Sulfurized polyacrylonitrile (SPAN) is a promising material capable of suppressing polysulfide dissolution in lithium–sulfur (Li–S) batteries with carbonate electrolyte. However, undesirable spontaneous formation of soluble polysulfides may arise in the ether electrolyte, and the conversion of sulfur in SPAN during the lithiation/delithiation processes is yet to be understood. Here, a highly reliable Li–S system using a freestanding fibrous SPAN cathode, as well as the sulfur conversion mechanism involved, is demonstrated. The SPAN shows high compatibility in both ether and carbonate electrolytes.

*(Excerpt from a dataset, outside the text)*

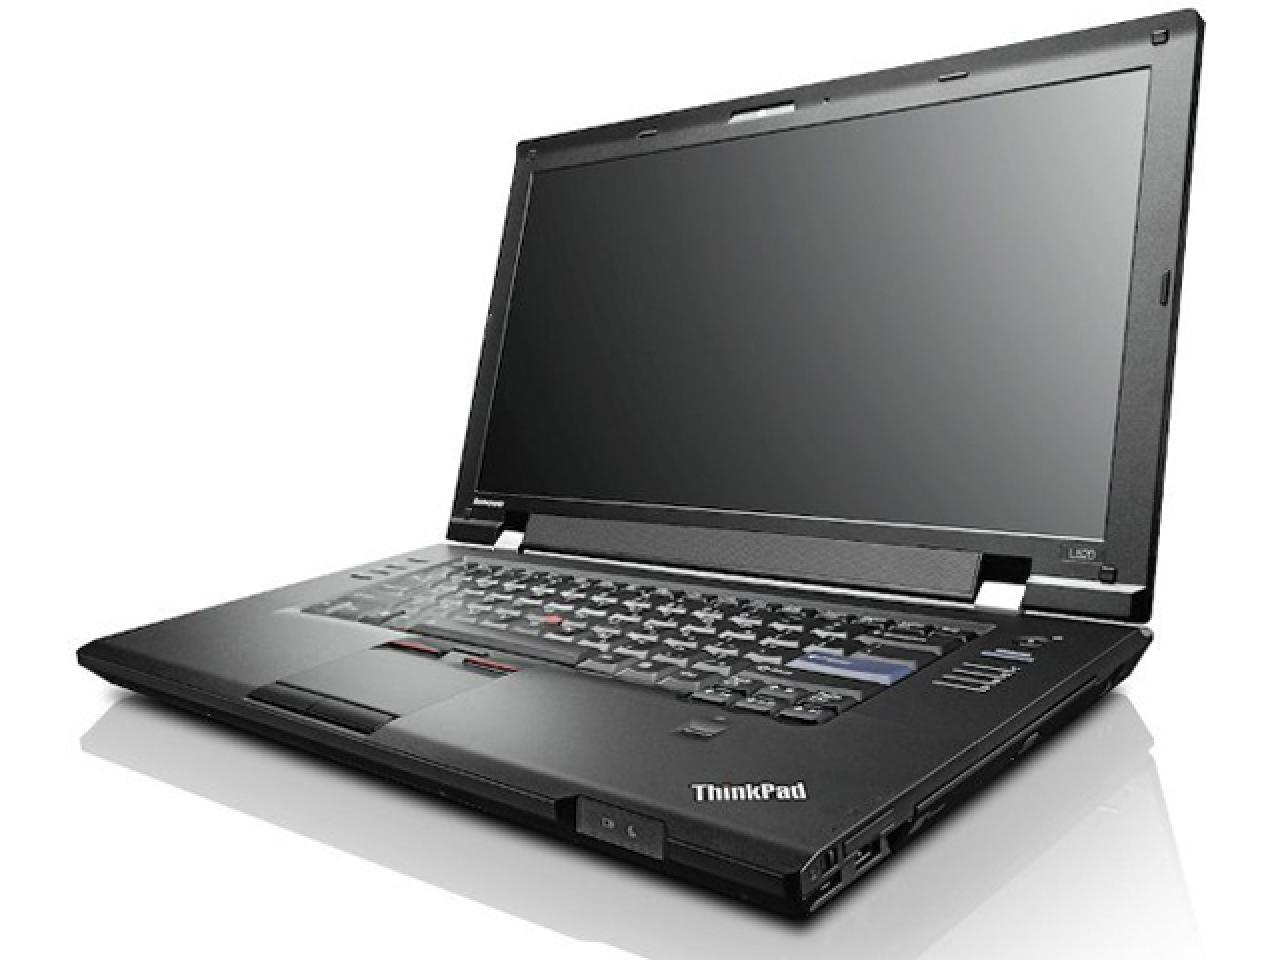 Lenovo ThinkPad L520  - shop.bb-net.de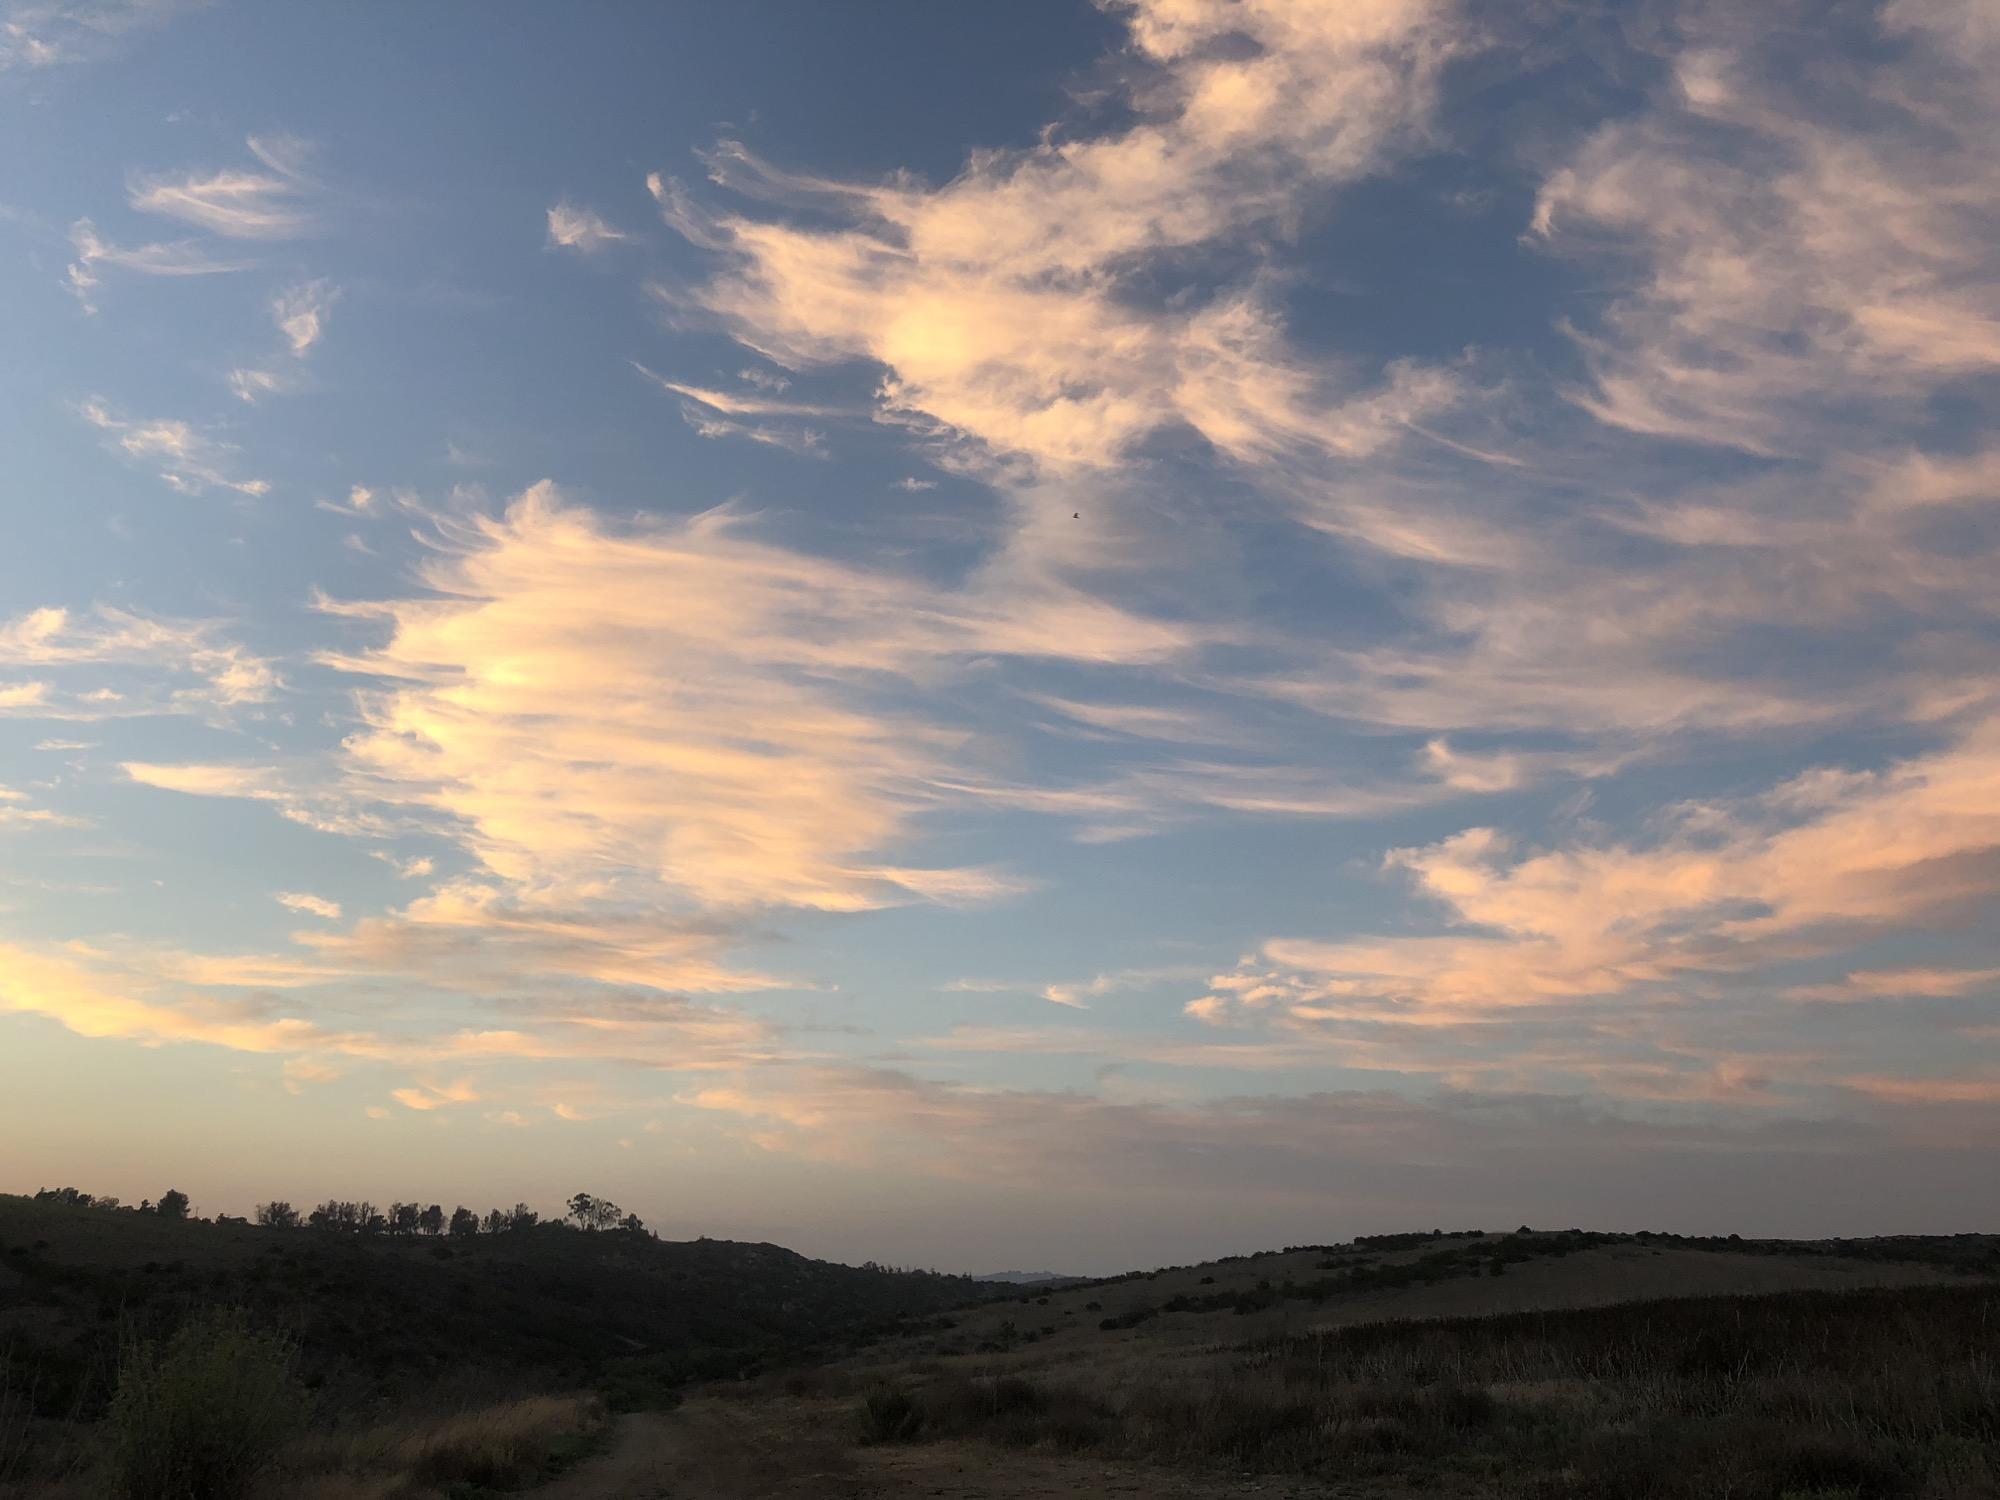 God painted the sky tonight

The sulfur atoms existing in the form of short S2 and S3 chains are covalently bonded to the pyrolyzed PAN backbone. The electrochemical reduction of the SPAN by Li+ is a single‐phase solid–solid reaction with Li2S as the sole discharge product. Meanwhile, the parasitic reaction between Li+ and CN bonds exists upon the first discharge, and the residual Li+ enhances the conductivity of the backbone. The recharge ability and rate capability are kinetically dominated by the activation of Li2S nanoflakes generated during discharge. At 800 mA g−1, a specific capacity of 1180 mAh g−1 is realized without capacity fading in the measured 1000 cycles, which makes SPAN promising for practical application. Highly reliable lithium–sulfur (Li–S) batteries with freestanding fibrous sulfurized polyacrylonitrile (SPAN) cathodes are demonstrated. The SPAN is highly compatible with both ether and carbonate electrolytes. The electrochemical reduction of SPAN by Li+ is a single‐phase, solid‐to‐solid reaction, whereas Li2S is the only sulfide product.